» REQUIRED ACTION: The answer is to be the data that follows, transcribed exactly, minus its pictures.

» RECORDED INFORMATION:
%%

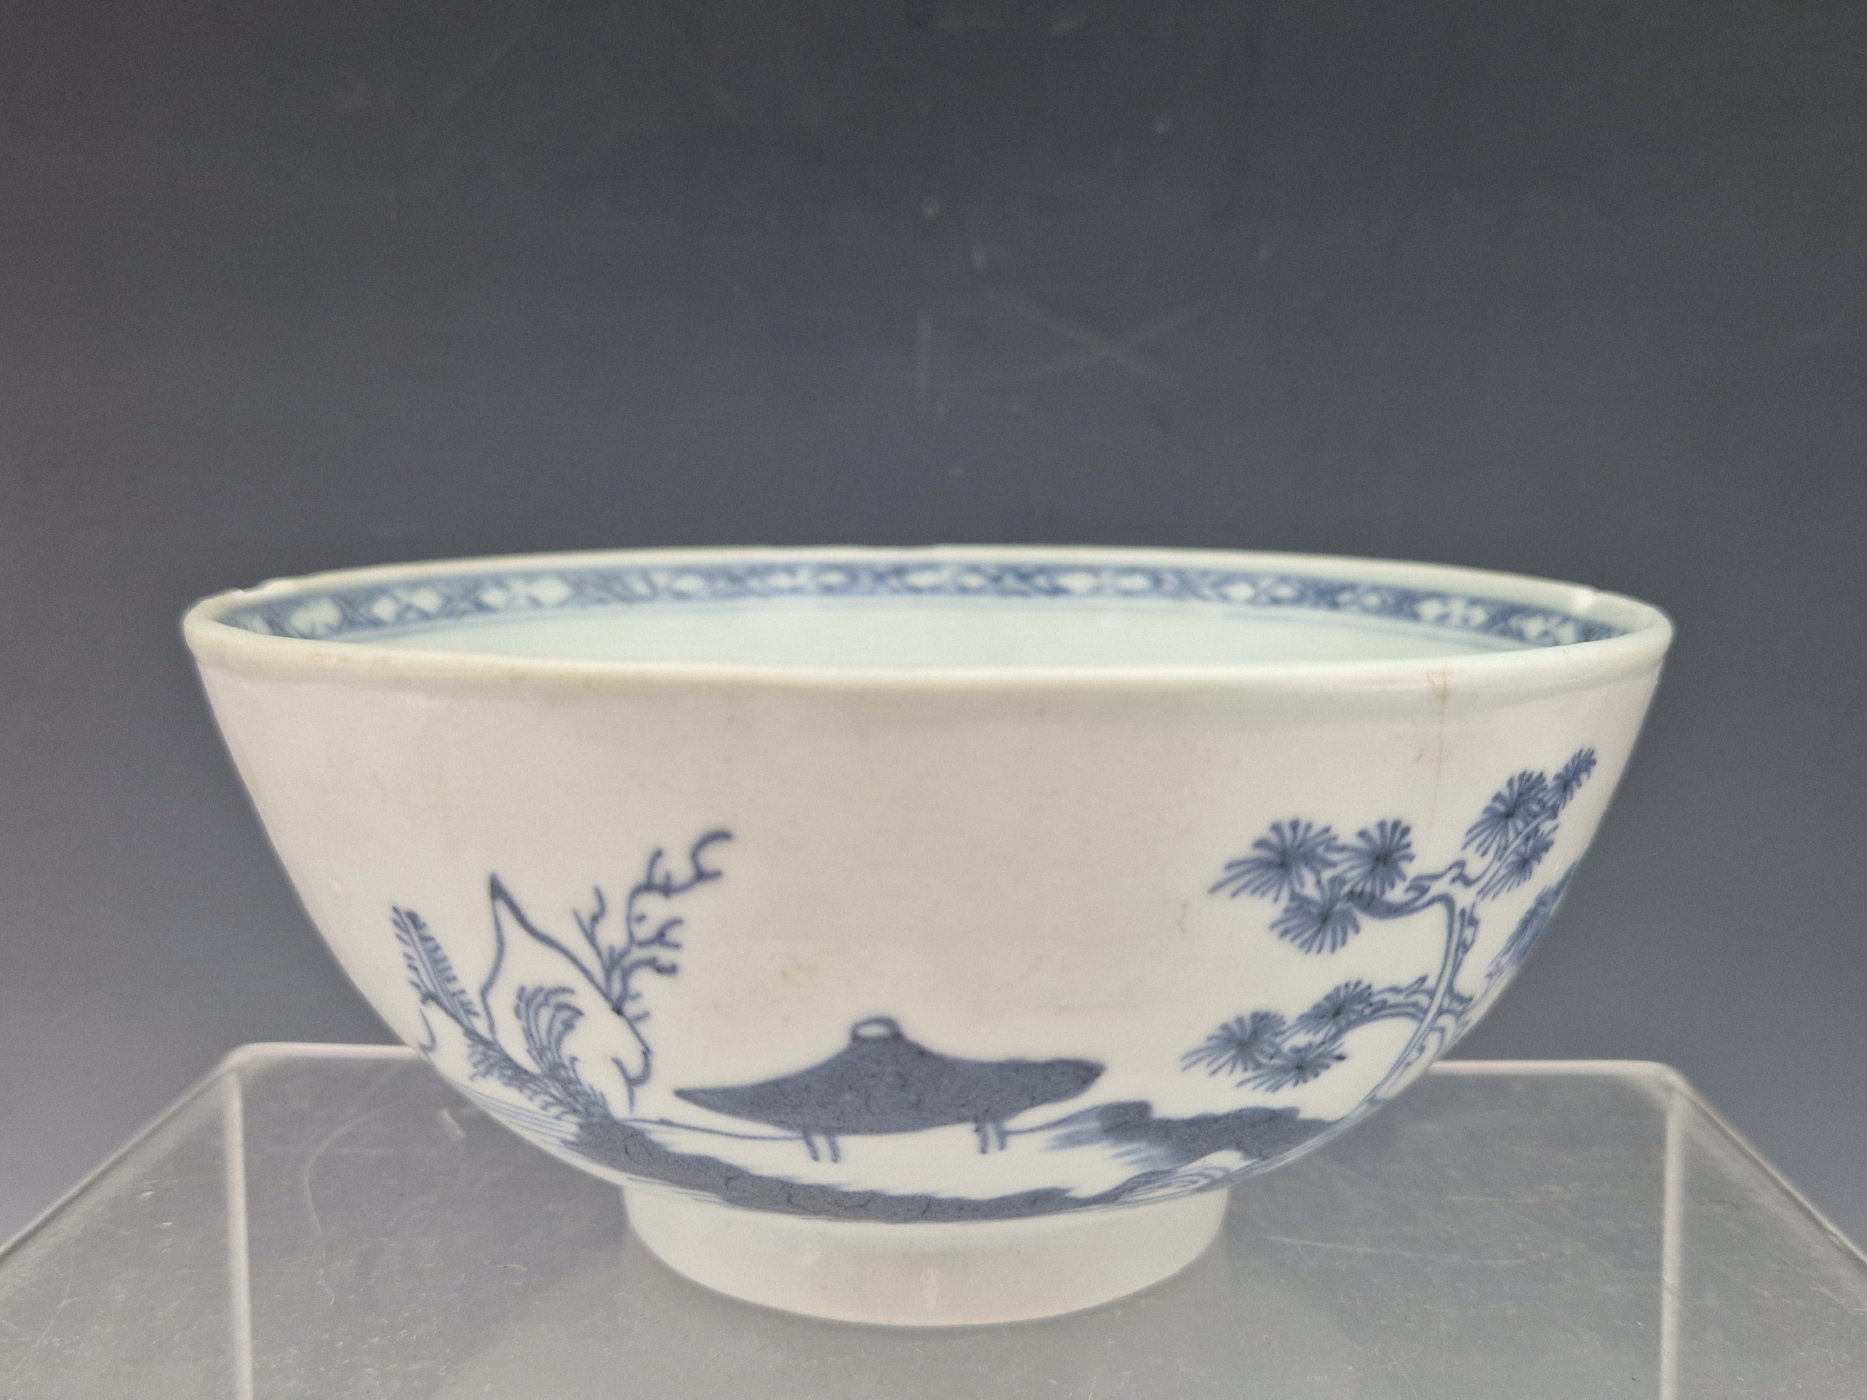 A NANKING CARGO BLUE AND WHITE BOWL, THE EXTERIOR PAINTED WITH ISLANDS, CHRISTIES LABEL FOR LOT
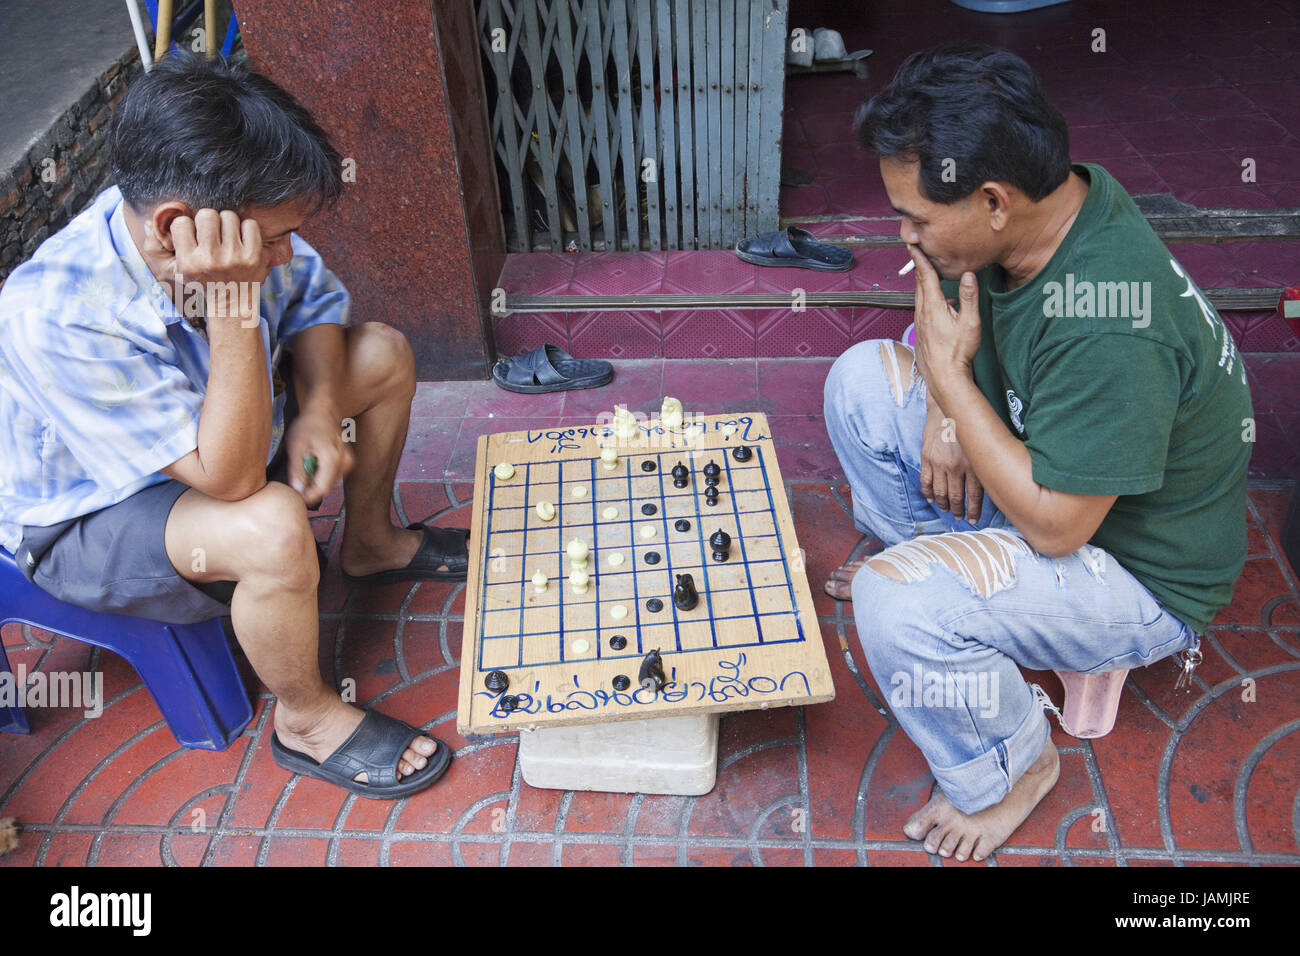 Elderly Thai Meet Friend And Play Local Chess Game Together, Shot In  Chantaburi Thailand. Stock Photo, Picture and Royalty Free Image. Image  83102854.
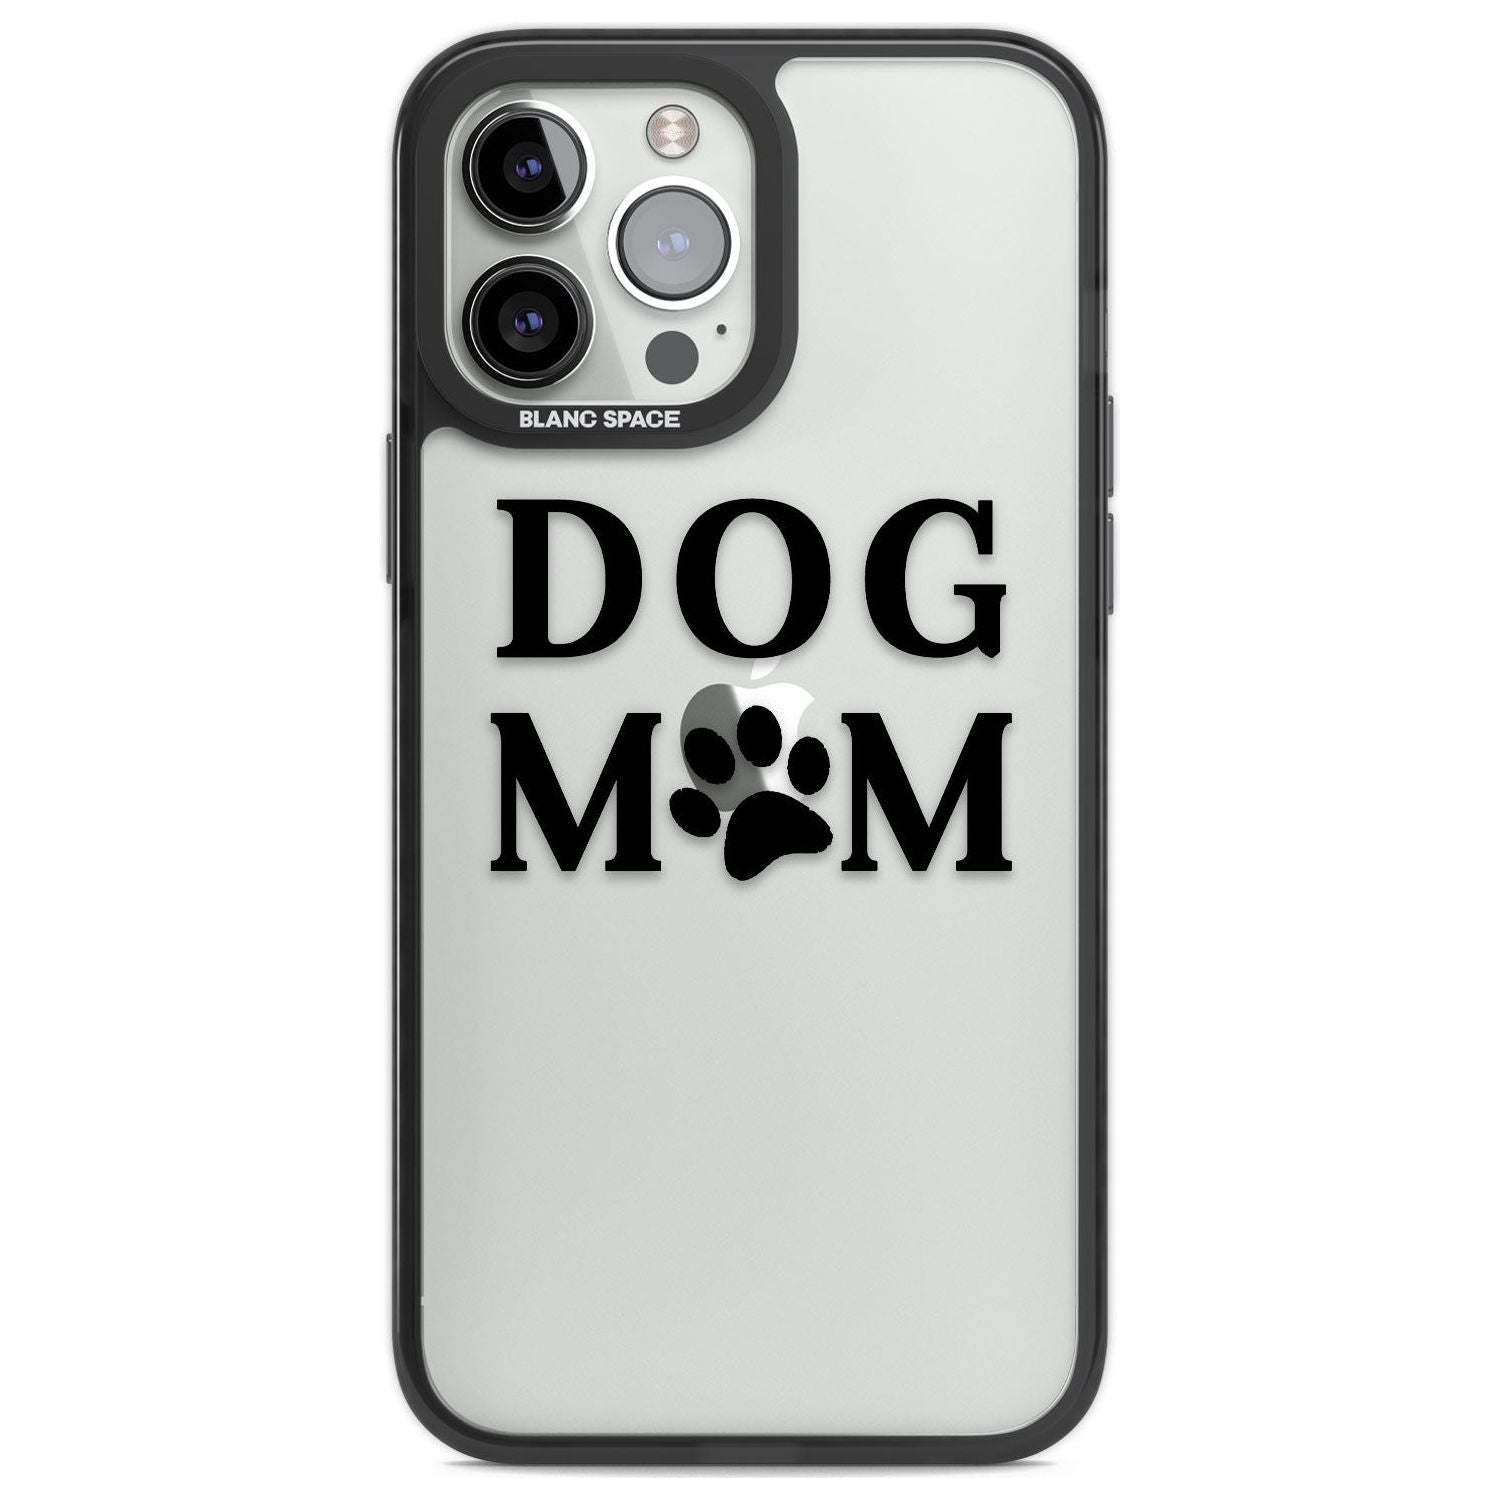 Dog Mom Paw Print Phone Case iPhone 13 Pro Max / Black Impact Case,iPhone 14 Pro Max / Black Impact Case Blanc Space

%%

» EXPECTED OUTPUT:
 A NANKING CARGO BLUE AND WHITE BOWL, THE EXTERIOR PAINTED WITH ISLANDS, CHRISTIES LABEL FOR LOT
 Elderly Thai Meet Friend And Play Local Chess Game Together, Shot In  Chantaburi Thailand. Stock Photo, Picture and Royalty Free Image. Image  83102854.
 Dog Mom Paw Print Phone Case iPhone 13 Pro Max / Black Impact Case,iPhone 14 Pro Max / Black Impact Case Blanc Space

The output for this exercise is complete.